The program begins execution with the statements in the top level block of the main software module. This contains only one statement: a call to MakeTopInstance. In effect this simply calls the more general MakeInstance procedure with the name of the top level definition to be instanced and the name to be given to that instance (the operation of MakeInstance is described in the following subsection). This call takes place within the only process that exists at that time which is named "ParentProcess". For the duration of the simulation ParentProcess serves as the control process or scheduler: all other processes are associated with particular module instances.

The code executed by the parent process during the initialization phase may be summarised as:

- 1. Create the top instance, thus recursively creating the instance process hierarchy.
- 2. Send the initialization signal, causing all instance processes to execute their port declarations, thus completing the interconnect data structure.

These phases are described in more detail in the following sections.

#### 4.6.2 Instance Creation

A call to MakeInstance has the effect of creating an instance process.

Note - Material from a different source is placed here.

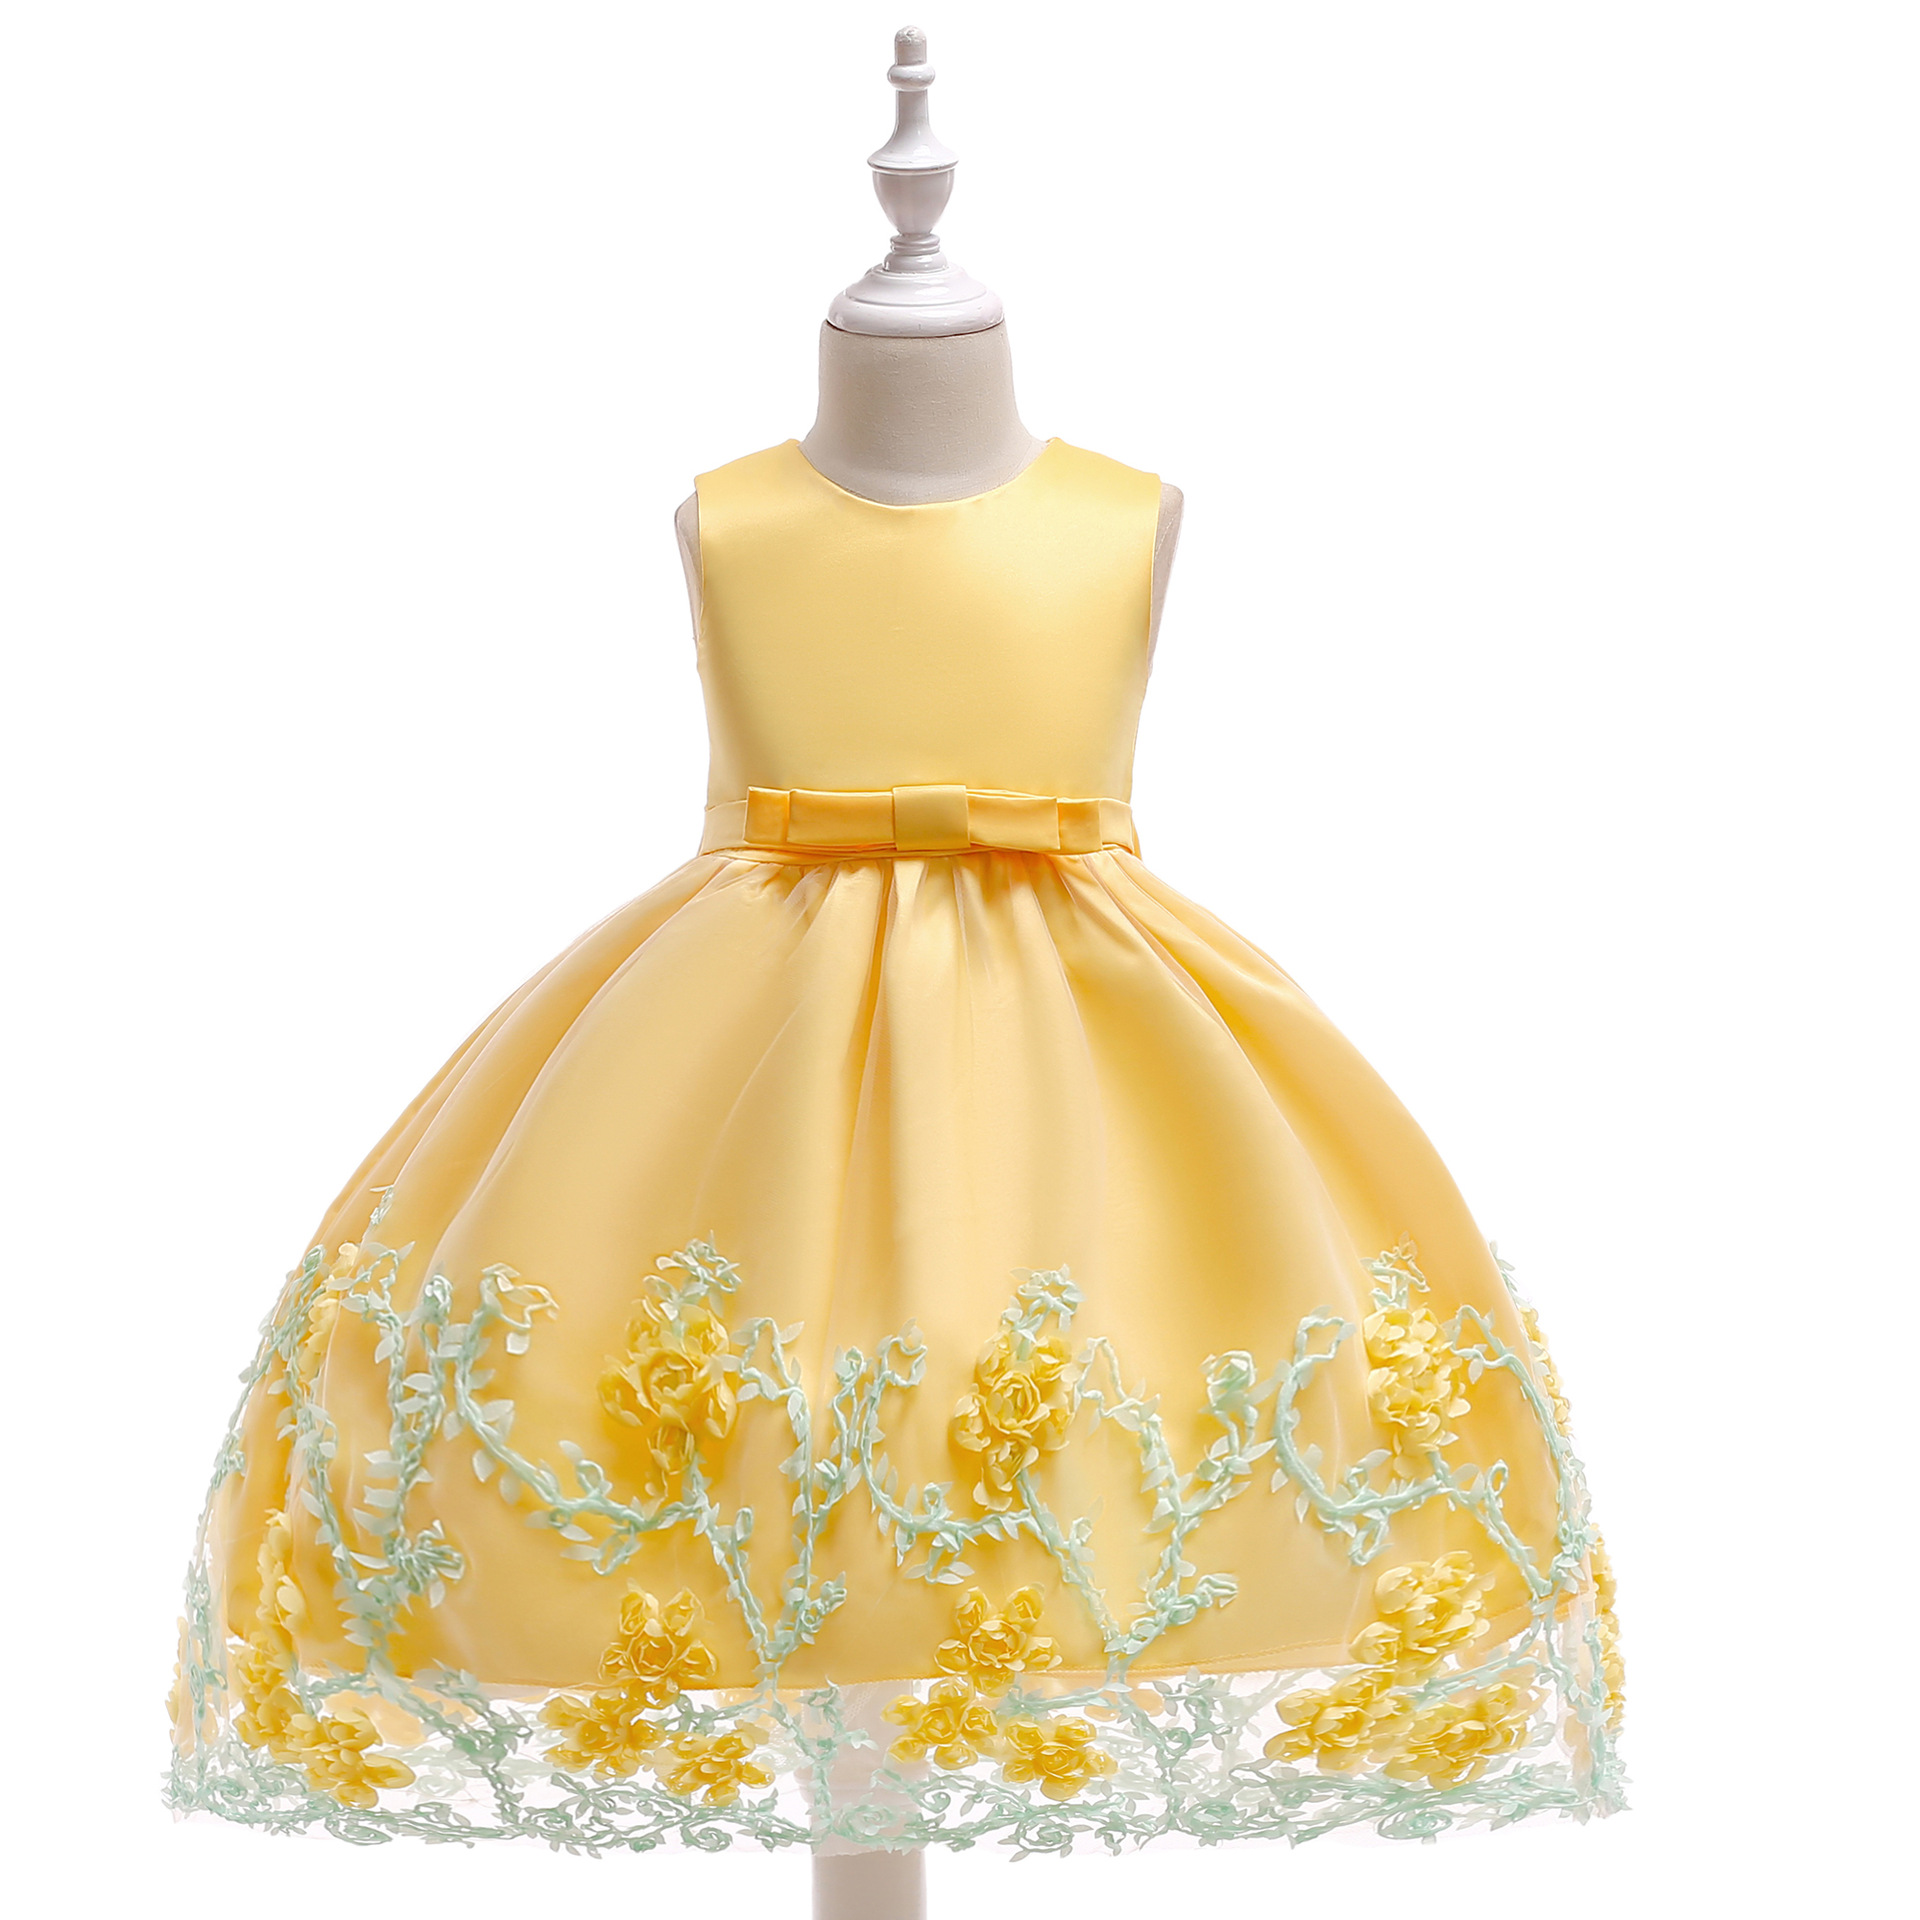 Girls Dress 2019 Summer New Style Europe And America Princess Relief Broken Flower High-waisted Gauze Formal Dress Cotton Inner

This process is set to run the definition procedure of the instance requested. Just before it is about to return to the caller, the MakeInstance procedure suspends the current process and activates the instance process it has just created, thus beginning execution of the associated definition procedure. MakeInstance appends the new instance name to the name of the instance process that made the MakeInstance call and passes the resulting name to the new process in order that it may be have a record of its full name (Figure 4.1). The name is stored in the INSTANCENAME variable of each instance process. This is passed as a parameter in most procedure calls into the run time system in order that the system have knowledge of the name of the calling instance process. This is particularly important in dealing with ports, as within a definition they appear only as simple names such as CarryOut however if an operation

on that port is to be described usefully to the simulation user it must be appended to the full name of the instance, Adder/AdderBit15/CarryOut for example.



- The parent process creates a process for the root instance A and passes it control and the name A.
- The root process A creates a process for the instance B and passes it control and the name A/B.
- 3. The A/B process creates a process for the instance C and passes it control and the name A/B/C.
- A/B/C has no subinstances, so it suspends and returns control to its creator, A/B.
- The A/B process creates a process for the instance D and passes it control and the name A/B/D.
- A/B/D has no subinstances, so it suspends and returns control to its creator, A/B.
- 7. A/B has no more subinstances, so it suspends and returns control to its creator, A.
- 8. Once A has created all of its subinstances it returns control to its creator, the parent process, which then begins running the scheduler for simulation.

Figure 4.1: The recursive assembly of the instance process hierarchy.

### 4.6.3 Instance Hierarchy Creation

If the newly created instance process has an associated topological definition procedure, the process immediately begins to execute any MakeInstance calls contained in that definition. The effect then is to recursively build the entire instance hierarchy up in a depth first manner. This process is illustrated by example in Figure 4.1. Eventually in any given instance process, processes will have been created for all the subordinate instances and control will return to the given instance process.

#### 4.6.4 Connection Creation

Once all of the MakeInstance calls have been completed by an instance process involved in creating a topology, any Connection procedure calls are proceeded with. The names of the ports be be connected are passed in as a single string. This string is parsed by the run time system. If any ports are listed that have not yet been

created, they are created on the appropriate instance. The ports are connected by the creation of a node data structure that is pointed to by all connected ports. The connection process is illustrated in Figure 4.2. After completion of connections, the instance process suspends its operation pending an initialization signal.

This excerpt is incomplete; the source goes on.